**Assignment:**
Leave the pictures out and restate every line below exactly.

[Input data — start]

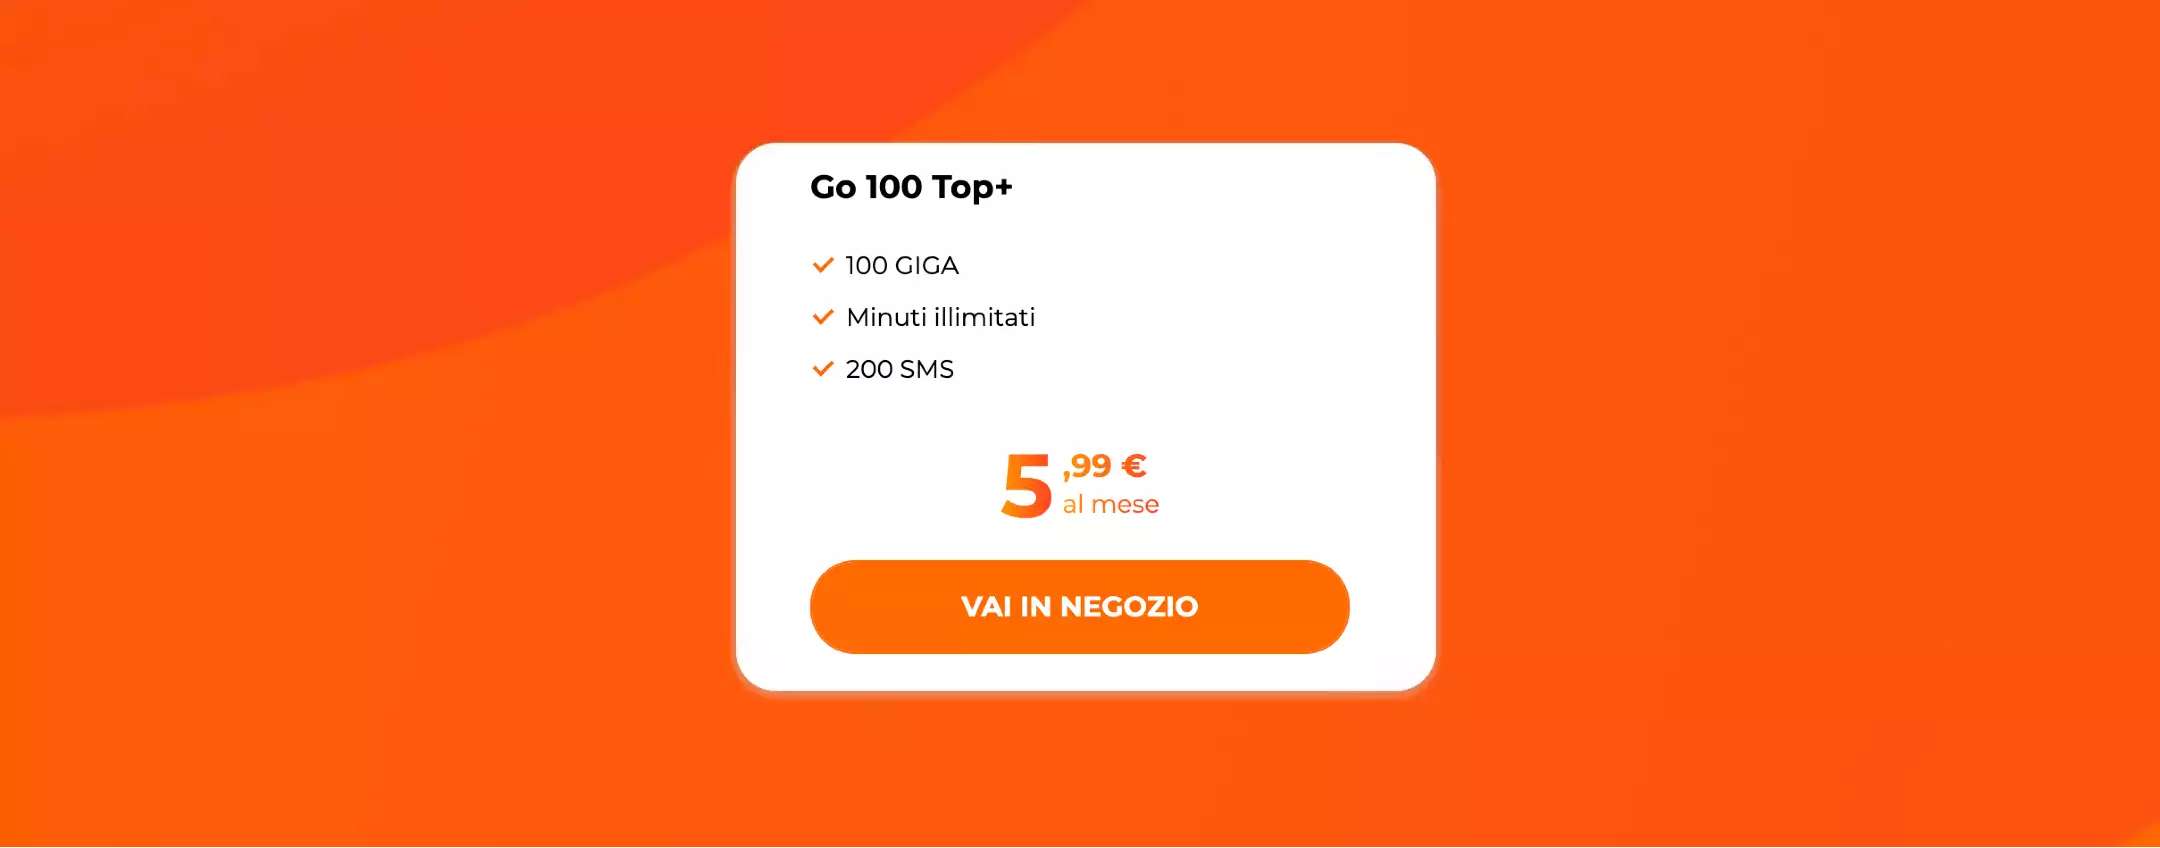 GO 100 Top+: winback WINDTRE con 100GB a 5,99€
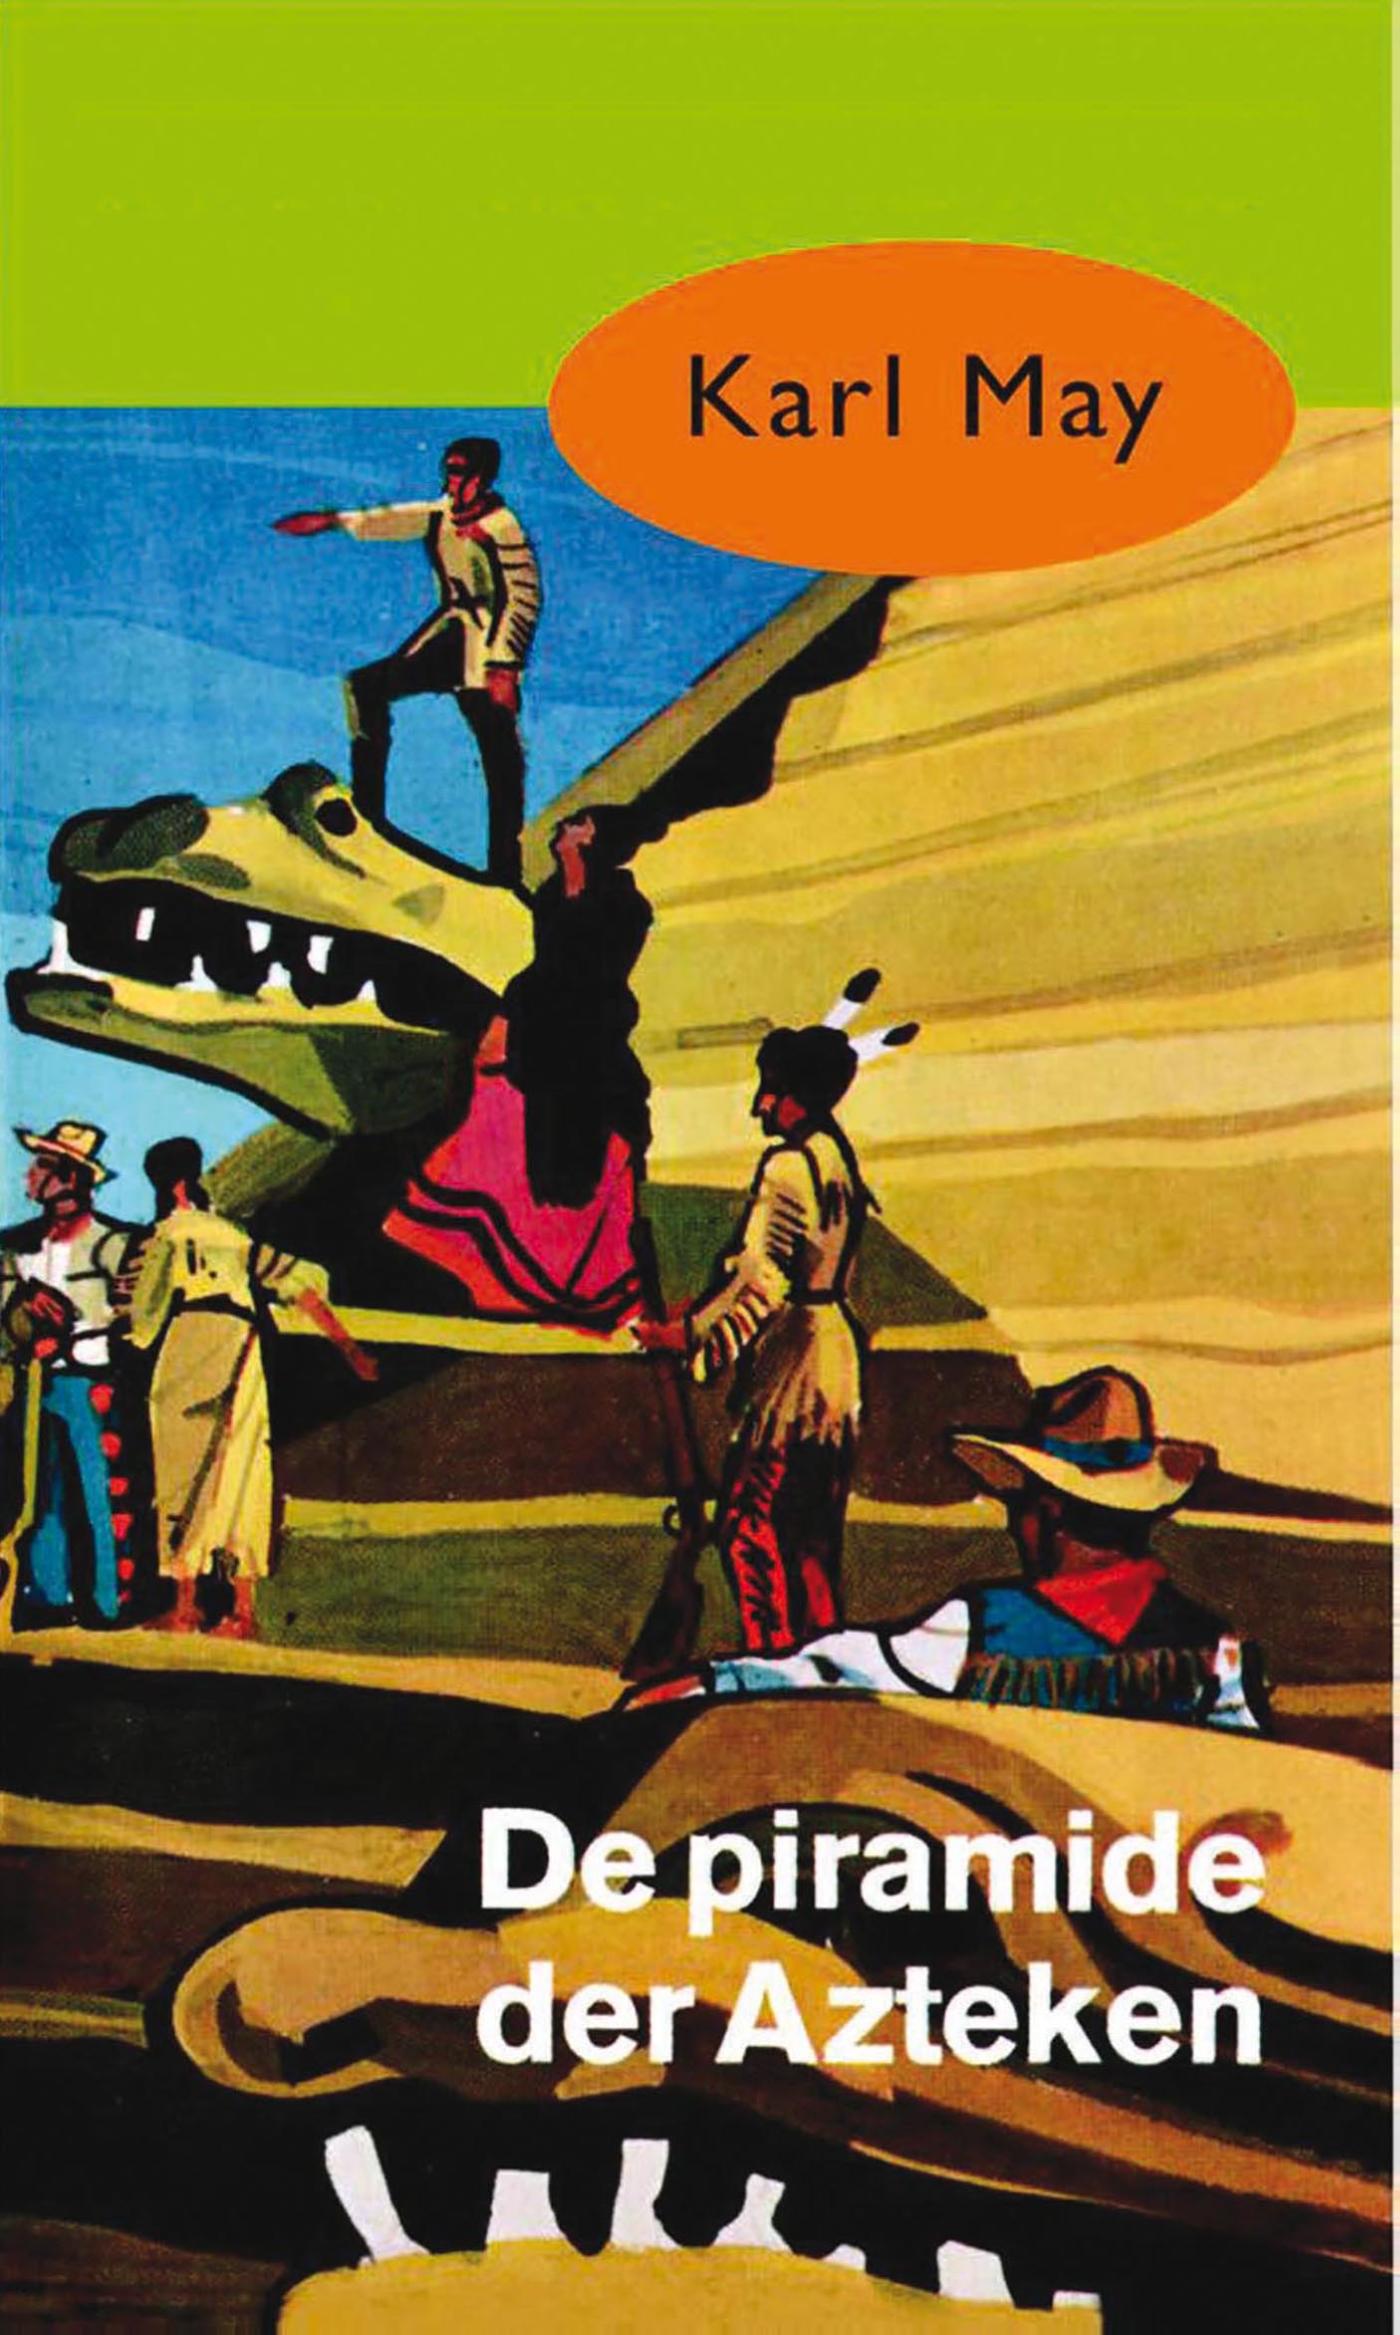 De piramide der Azteken (Ebook)
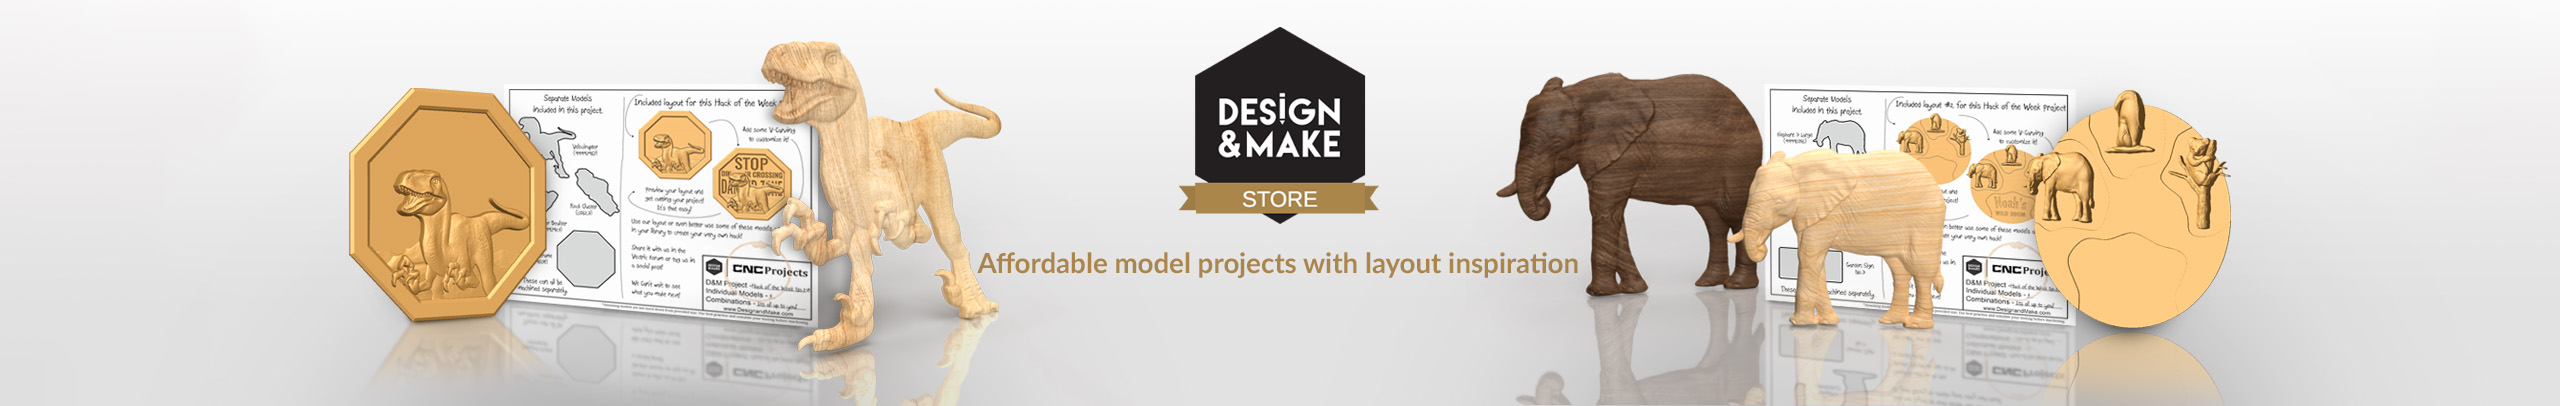 Design & Make banner
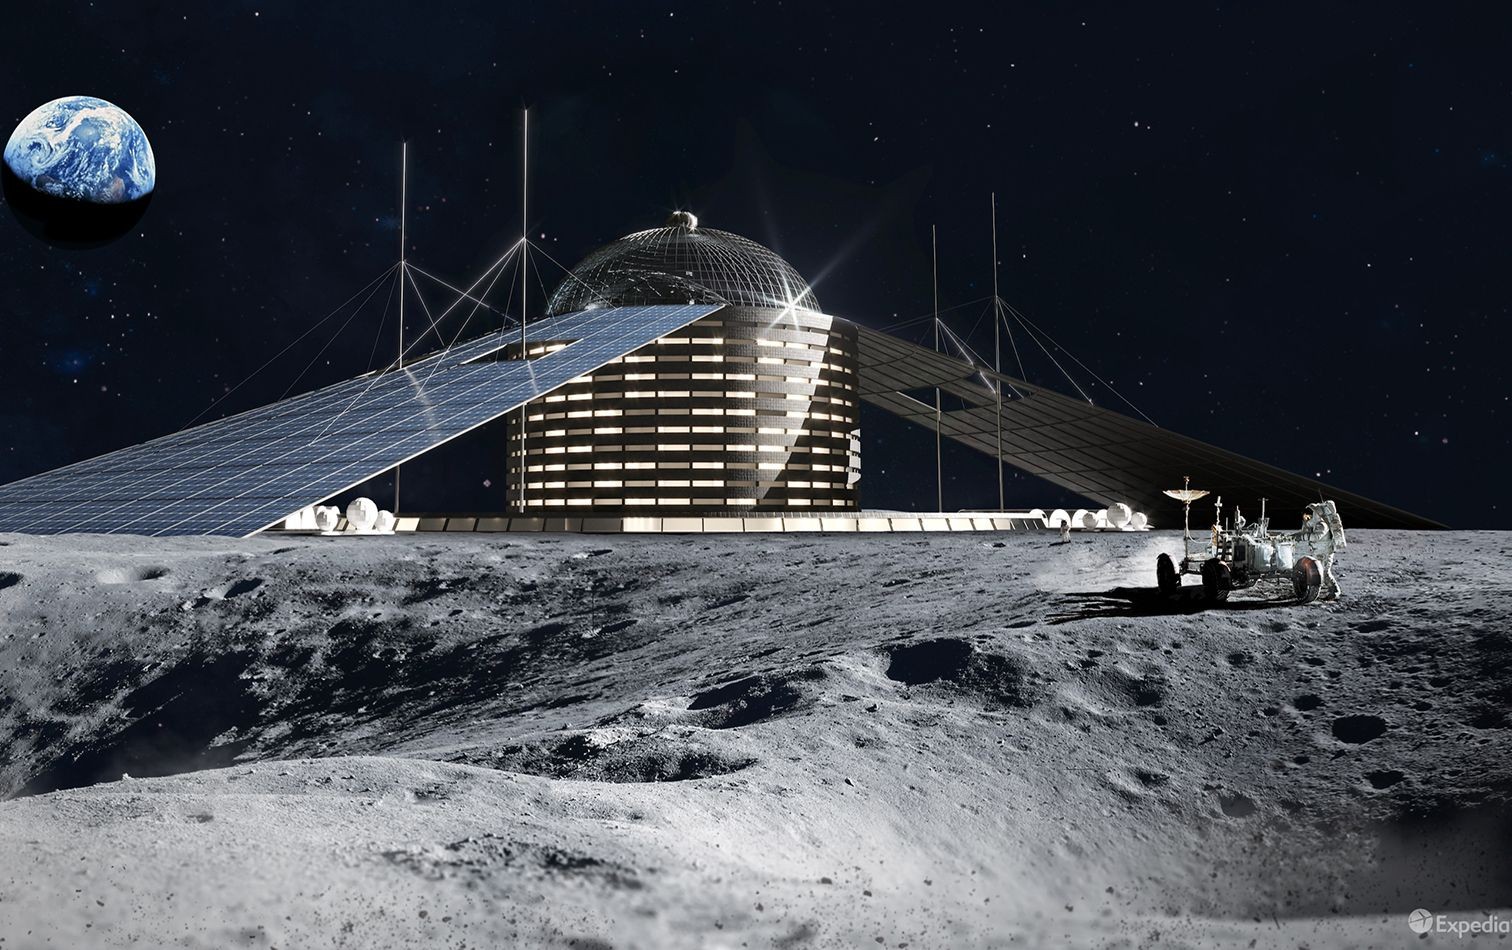 Utopisch astronomisch: Milliardär Barron Hilton wollte auf dem Mond eine ganze Flotte an Hilton-Hotels bauen. Da überrascht es nicht, dass auch dieses Projekt zu einer Planungsleiche wurde. Expedia zeigt aber, wie das Flaggschiff der Hilton-Flotte hätte a

[Input data — finish]

**Solution to the problem:**
 GO 100 Top+: winback WINDTRE con 100GB a 5,99€
 De piramide der Azteken (Ebook)
 Design & Make banner
 Utopisch astronomisch: Milliardär Barron Hilton wollte auf dem Mond eine ganze Flotte an Hilton-Hotels bauen. Da überrascht es nicht, dass auch dieses Projekt zu einer Planungsleiche wurde. Expedia zeigt aber, wie das Flaggschiff der Hilton-Flotte hätte a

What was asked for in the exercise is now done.